Abstract:
The most common analysis used for binary data is generalised linear model (GLM) with either
a binomial or bernoulli distribution using either a logit, probit, complementary log-log
or other type of link functions. However, such analyses violate the independence assumption
if the binary data are measured repeatedly over time at the same subject or site. Failure to
take into account the correlation can lead to incorrect estimation of regression parameters
and the estimates are less efficient, particularly when the correlations are large. Therefore,
to obtain the most efficient estimates that are also unbiased the methods that incorporate
correlations (McCullagh and Nelder, 1989) should be used. Two of the statistical methodologies
that can be used to account for this correlation for the longitudinal data are the
generalized linear mixed models (GLMMs) and generalized estimating equation (GEE).

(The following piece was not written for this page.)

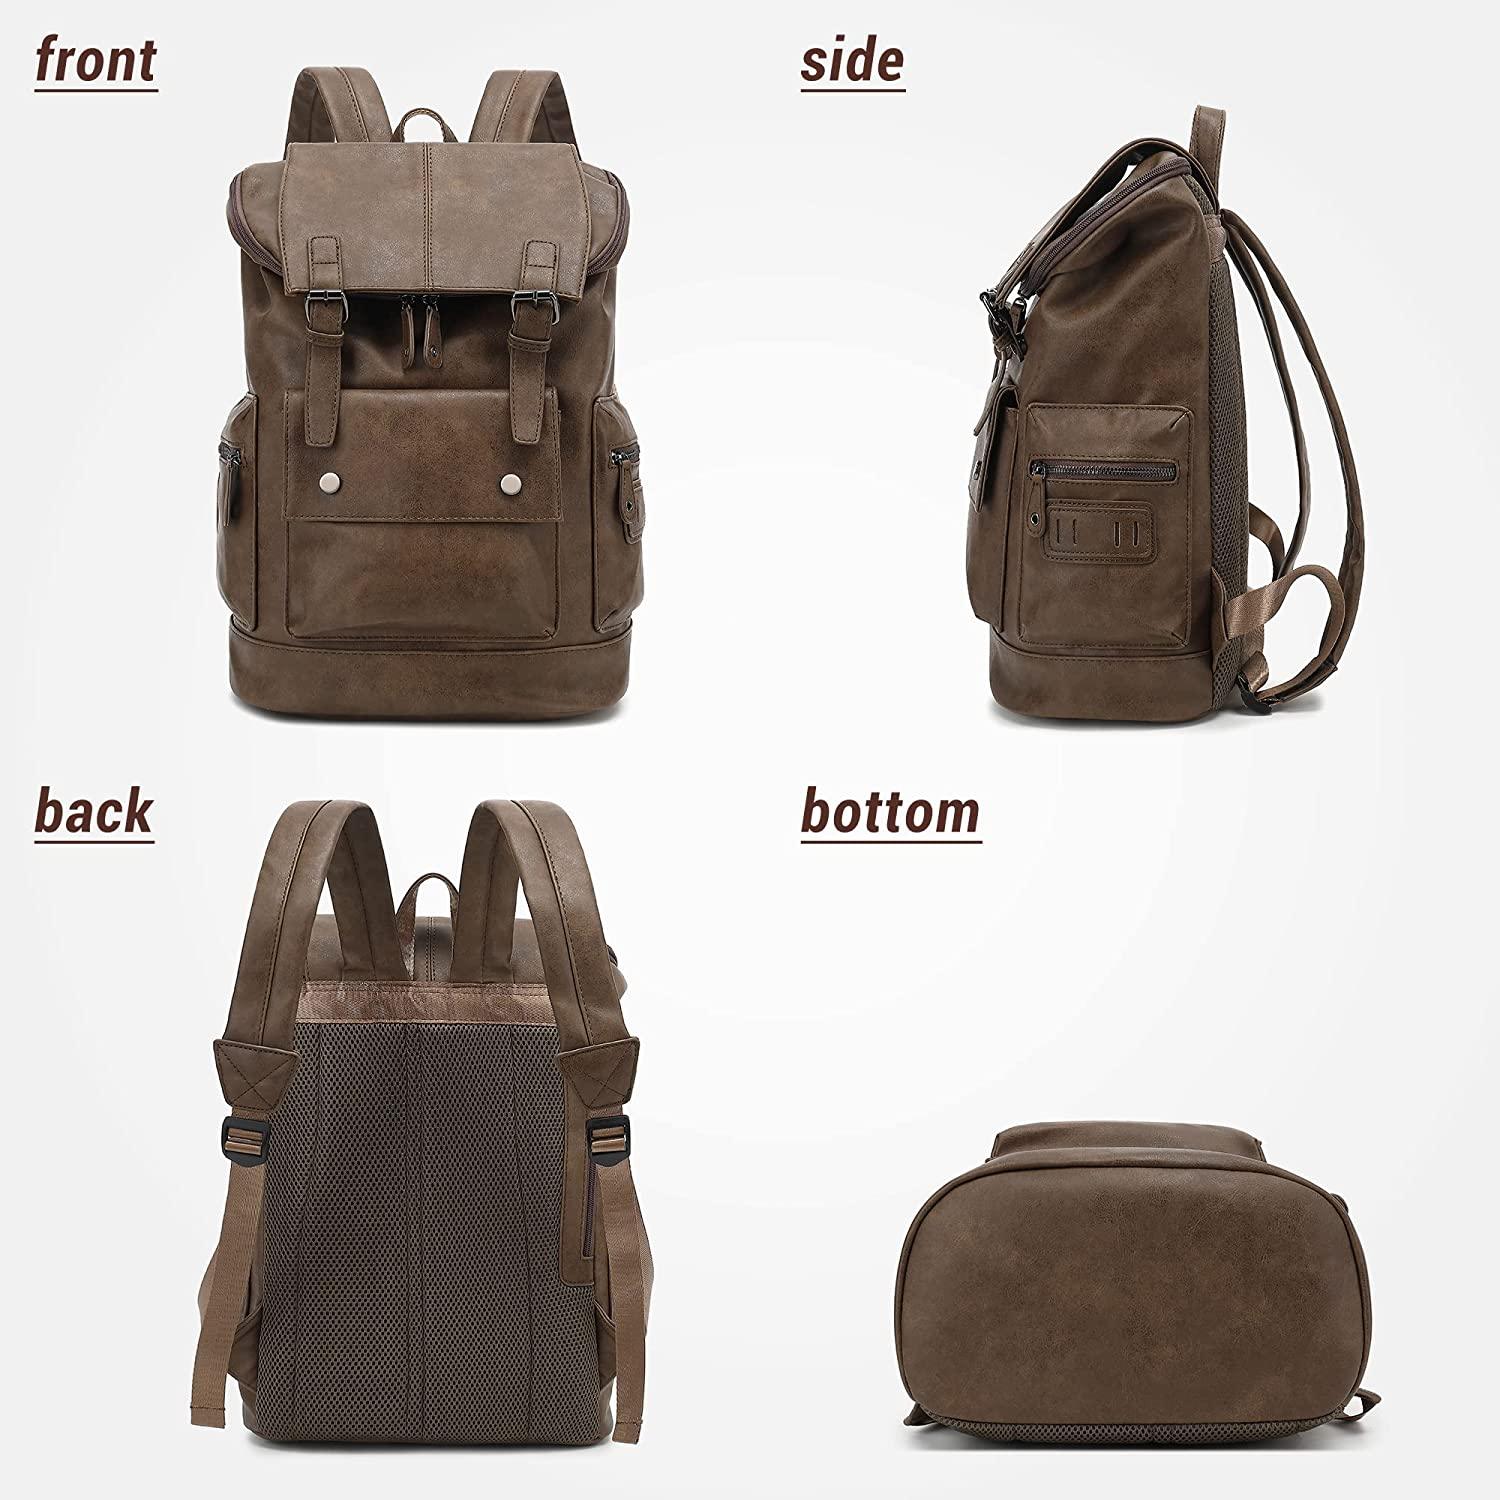 FR Fashion Co. 18" Men's Vintage Leather Backpack - FR Fashion Co. 
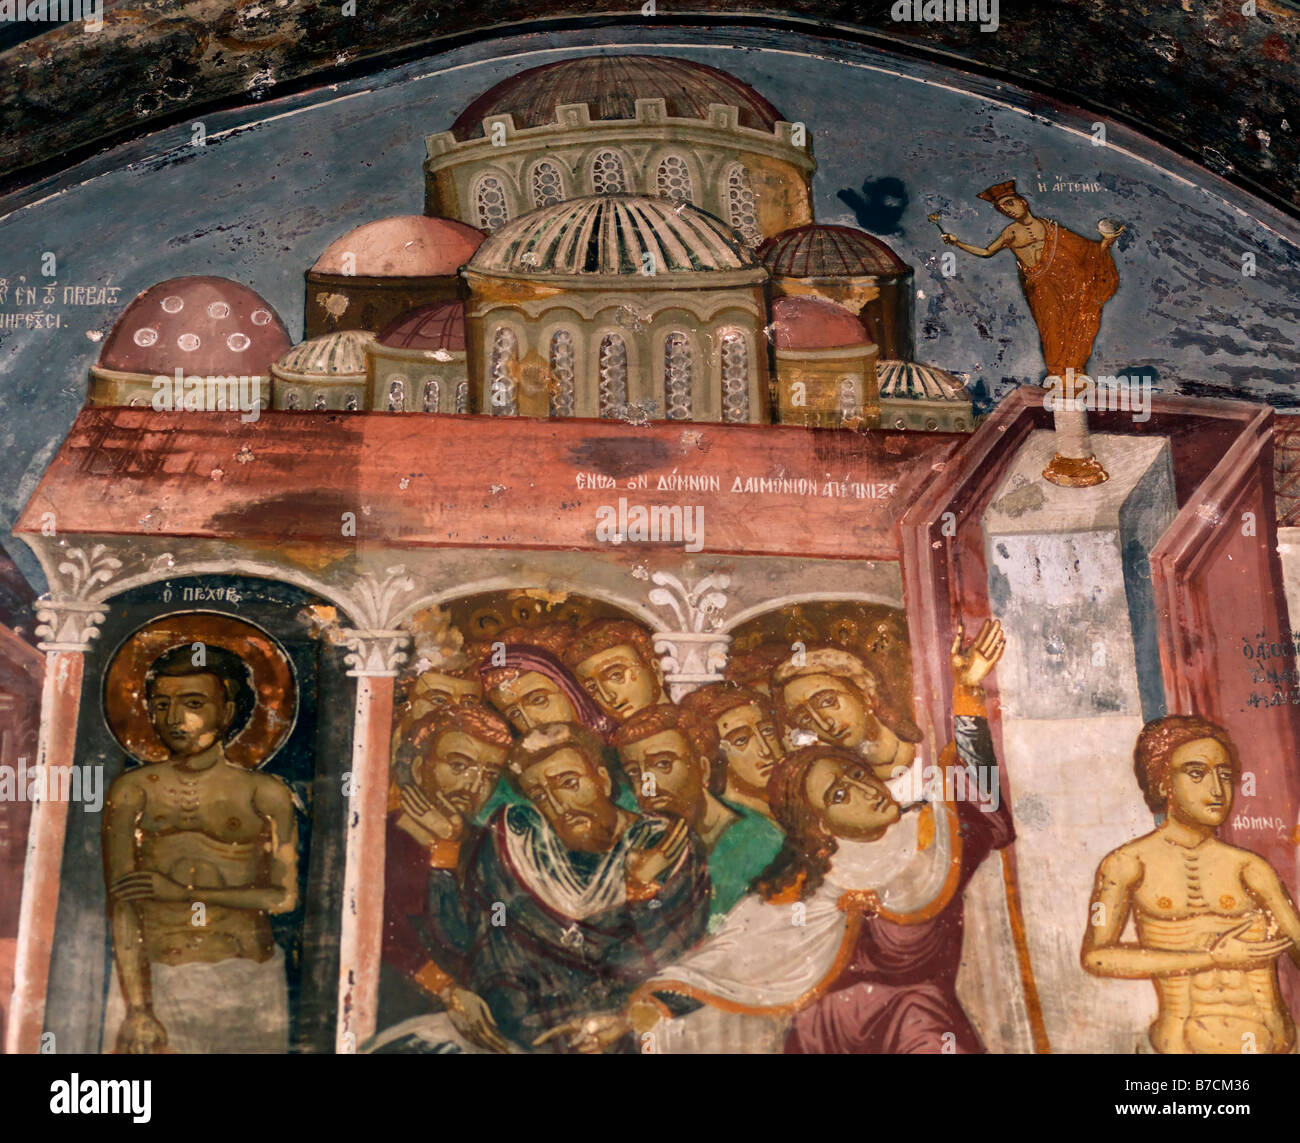 Fresque représentant des personnes prenant refuge dans le monastère St Johns Chora Patmos GreeceCommemorate le site où Saint John de Patmos Composé son Evangile et l'Apocalypse Banque D'Images

The GLMM method is based on extending the fixed effects GLM to include random effects
and covariance patterns. Unlike the GLM and GLMM methods, the GEE method is based
on the quasi-likelihood theory and no assumption is made about the distribution of response
observations (Liang and Zeger, 1986). The main objective of the study is to investigate the
statistical properties and limitations of these three approaches, i.e. GLM, GLMMs and GEE
for analyzing longitudinal data through use of a binary data from an entomology study. The
results reaffirms the point made by these authors that misspecification of working correlation
in GEE approach would still give consistent regression parameter estimates. Further, the
results of this study suggest that even with small correlation, ignoring a random effects in
a binary model can lead to inconsistent estimation.